:: Recorded data ::
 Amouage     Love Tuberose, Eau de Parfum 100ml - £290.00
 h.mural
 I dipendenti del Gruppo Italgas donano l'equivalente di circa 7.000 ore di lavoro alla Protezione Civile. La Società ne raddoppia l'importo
:::
What is needed: Everything in the data should be copied exactly. Leave nothing out.

Solved problem:
 Amouage     Love Tuberose, Eau de Parfum 100ml - £290.00
 h.mural
 I dipendenti del Gruppo Italgas donano l'equivalente di circa 7.000 ore di lavoro alla Protezione Civile. La Società ne raddoppia l'importo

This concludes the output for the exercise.